Total running time of seed and extend is T(l, m, n) + r^2 \times \frac{mn}{4^l}.
The original running time was mn, so the speedup is \frac{mn}{T(l, m, n) + r^2 \times \frac{mn}{4^l}}.
Worst-case scenario: The time to search all keywords dominates, i.e., T(l, m, n).
If queries are strings of length 100 and LMER size is 11, the speedup could be 200 times faster.
For human-against-human comparisons with l = 25, it can be a million times faster.

Choosing l Judiciously

The condition for significant speedup is T(l, m, n) < r^2 \times \frac{mn}{4^l}.
The approximate speedup is \frac{4^l}{r^2}.

Query Composition

If a query comprises multiple query strings, concatenate them so that m is the total length of all queries.
The database can also be viewed as one long string.
Another parameter, l, is chosen, usually smaller than r. Find all matches of length l.

How Large Should l be?

If l is too large, it might be hard to find matches.
Goals:
- Given a human RNA query, find its location on the human genome (high % identity is desired i.e. 99%).
- Given a query sequence, find sequences that have strong e-values.
If you're looking for distant homologs, making l very large will prevent you from finding matches. If you're looking for something very close, maybe you can work with a larger l.
There is a sensitivity to match length tradeoff between speed and sensitivity.

Sensitivity

The probability that the read has an exact l word match to something in the database as long as a condition on the fact that that read aligns to that position in the database with the high score.
Sensitivity is simply one minus this number.

Pigeonhole Principle

If there are n pigeonholes, then with n+1 pigeons, at least two share a hole.
This relates: if you break an alignment into parts, at least one part will be identical.
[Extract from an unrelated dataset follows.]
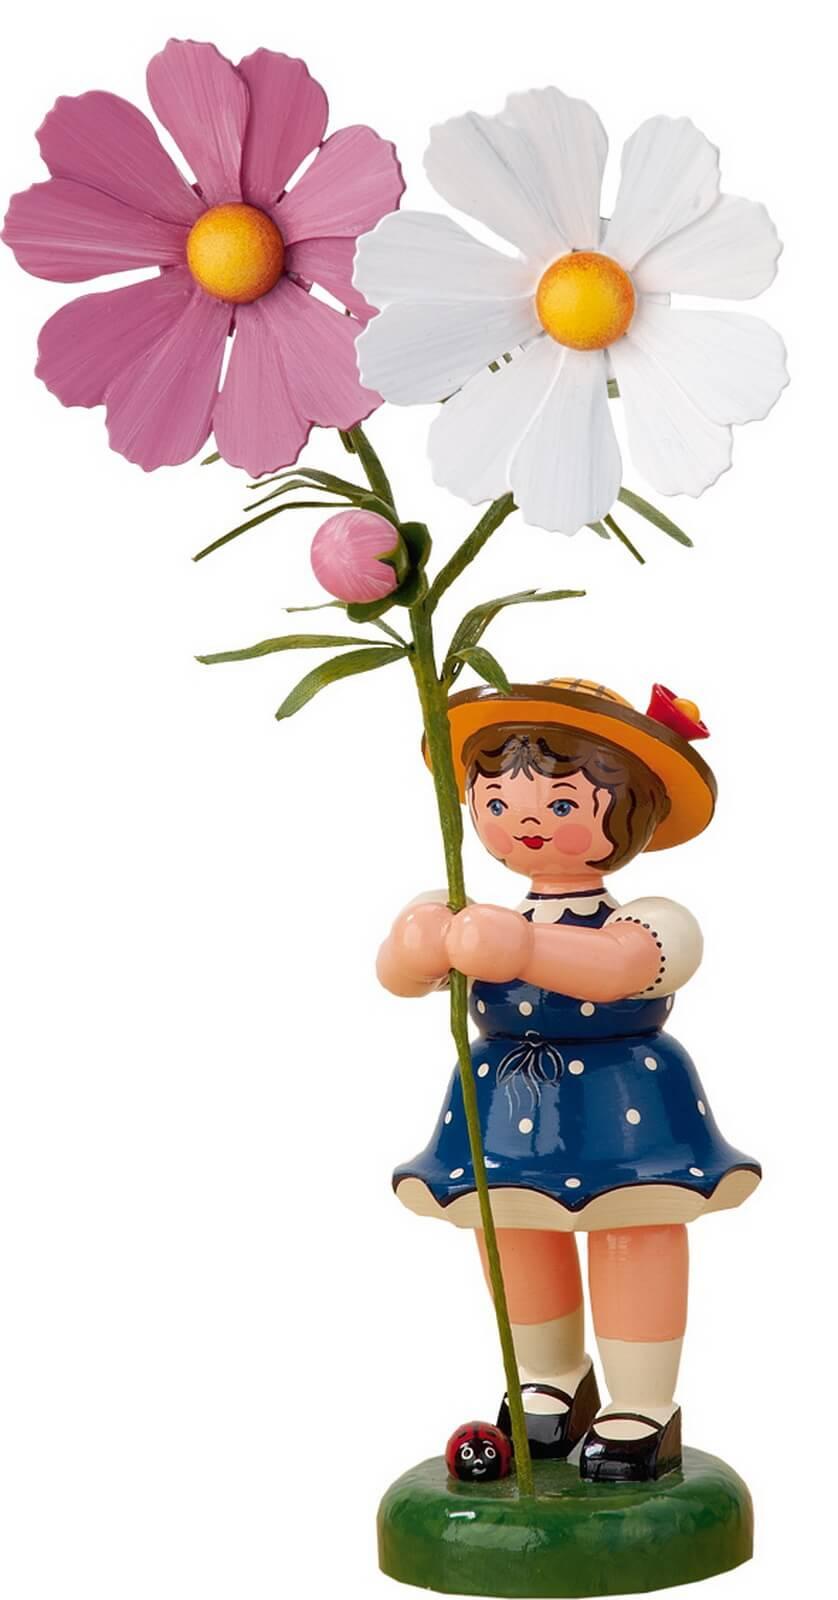 Mädchen mit Cosmea aus Holz aus der Serie Hubrig Blumenkinder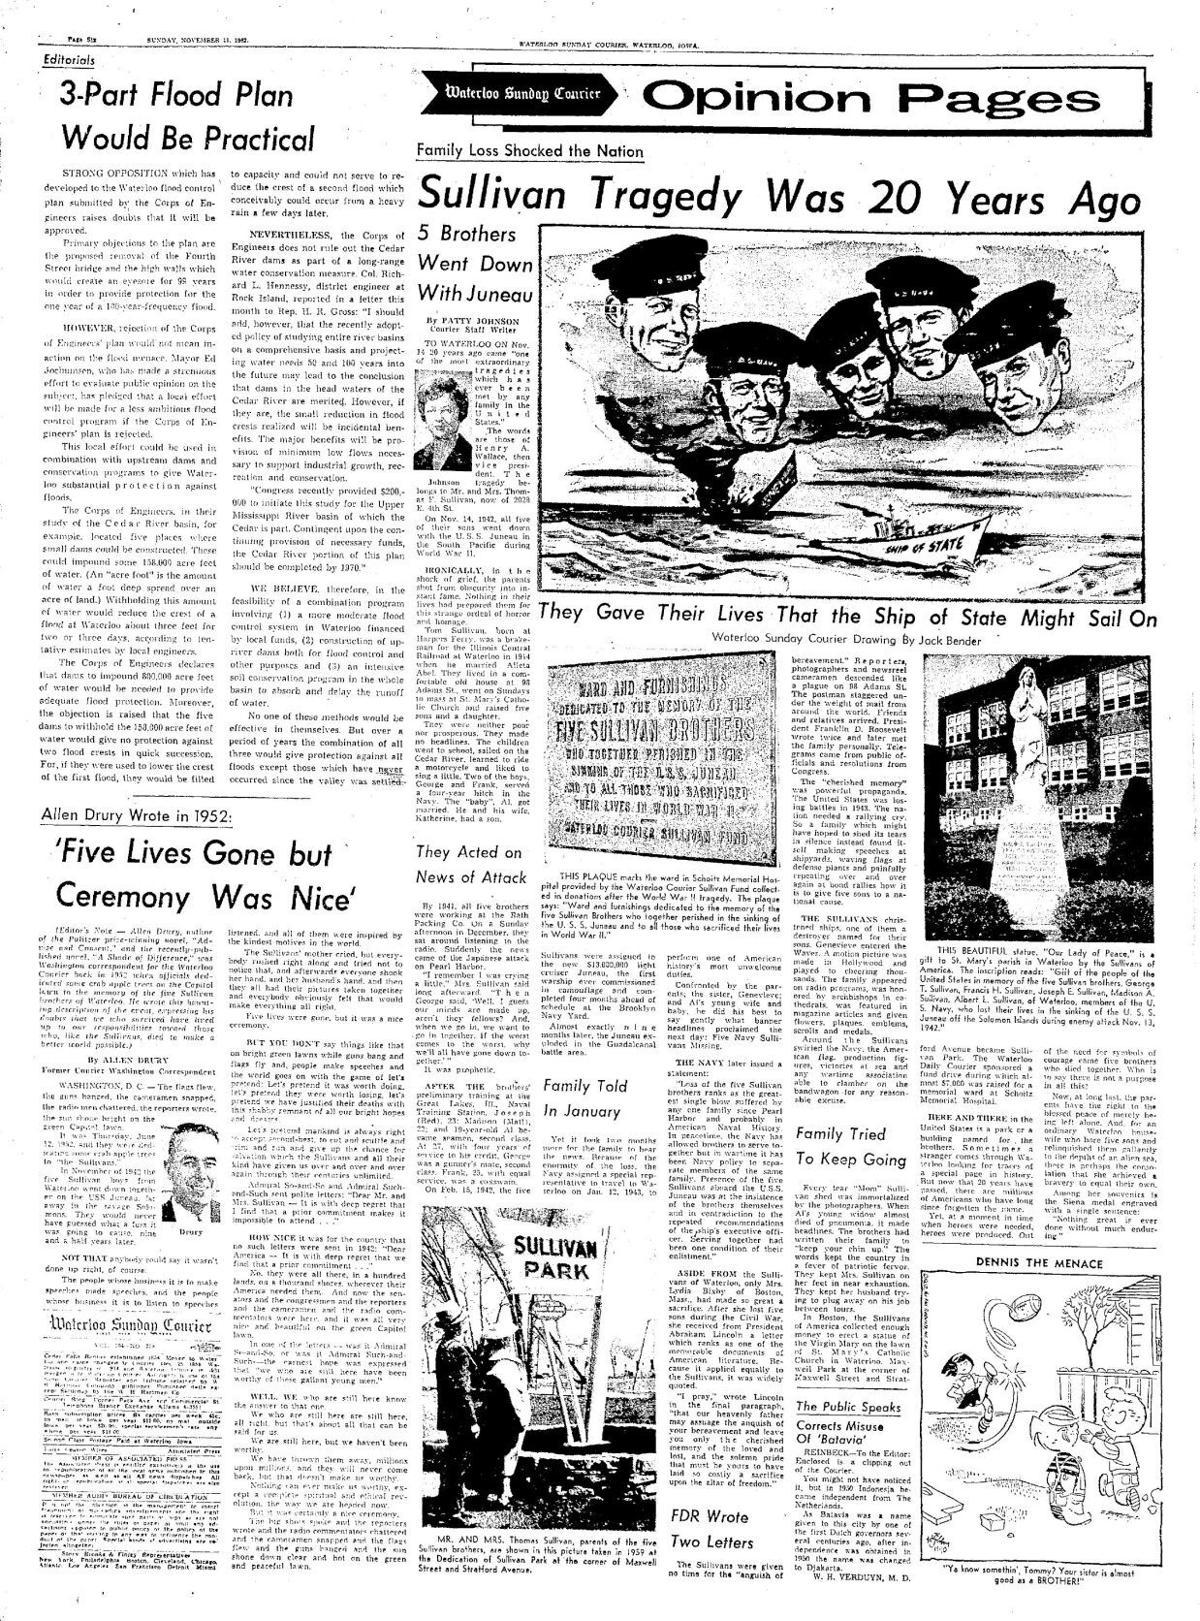 Courier Nov. 11, 1962

Computation of Sensitivity

Determine the minimum identity, like 97%.
Binary String Representation: Represents quality of match, 0 for exact matches and 1 for mismatches.
80% identity means the probability of 1 is 0.2.
Matching LMER is equivalent to finding a run of l consecutive zeros.
If \epsilon is the probability of 1, the probability of the first l bits being zero is (1 - \epsilon)^l.
We fail when there are no l consecutive zeros in the random binary string of length r.
The probability that none of the LMER match is (1 - (1 - \epsilon)^l)^{r - l + 1}, assuming most of these are somewhat independent.
Sensitivity is 1 - (1 - (1 - \epsilon)^l)^{r - l + 1}.

Adjusting l

Sensitivity and speed depend on l, allowing optimization.
Fix n and r and vary l to compute speedup and sensitivity.

BLAST Mechanics

Web Interface Components:
- Input query sequence.
- Select database (e.g., non-redundant database of proteins or DNA).
- Word size (value for LMER search; default is 11 for DNA, 3 for proteins).
- Scoring matrix (PAM or BLOSUM).
- Gap penalties.
- E-value cutoff.

Algorithm Flow

*    Make an automaton of all the queries using Avocorasic trie algorithm
*   Scan database (time order n+m) to identify keyword matches.
*   Perform local alignment at matches (query sequence vs database string portion). Banded matrix is used, stopping when some local maximum is reached, then it is maintained, then the aligment is stopped if 20% lower then then local maximum for a set value.
*   Compute e-value of score.
*   Derive p-value from e-value.
*   Sort alignments by e-value and output results.

Interesting observations on BLAST results

Often in the twilight zone, despite having a p-value that is 1, you can still find meaningful hits.
Often new Microbe sequences are difficult to discover proteins (over 50%); you may want to perform a search in the twilight zone.
It can be tried to make a new scoring system to take into account for alignment.
New matches between similar values may have different alignments and gap alignments

Identifying Unknown Species (Analogy)

Context: You're an alien classifying Earth species with no prior knowledge.
You have limited species with facial and skin features and you find a new species that looks slightly like the herbivore but has skin patterns similar to the carnivore; what do you do?
Solution: Collect more data - Modern machine learning is leveraged, and it often categorizes different data, and groups all into a specific family to identify them.
Facial recognition will always be required to determine the family.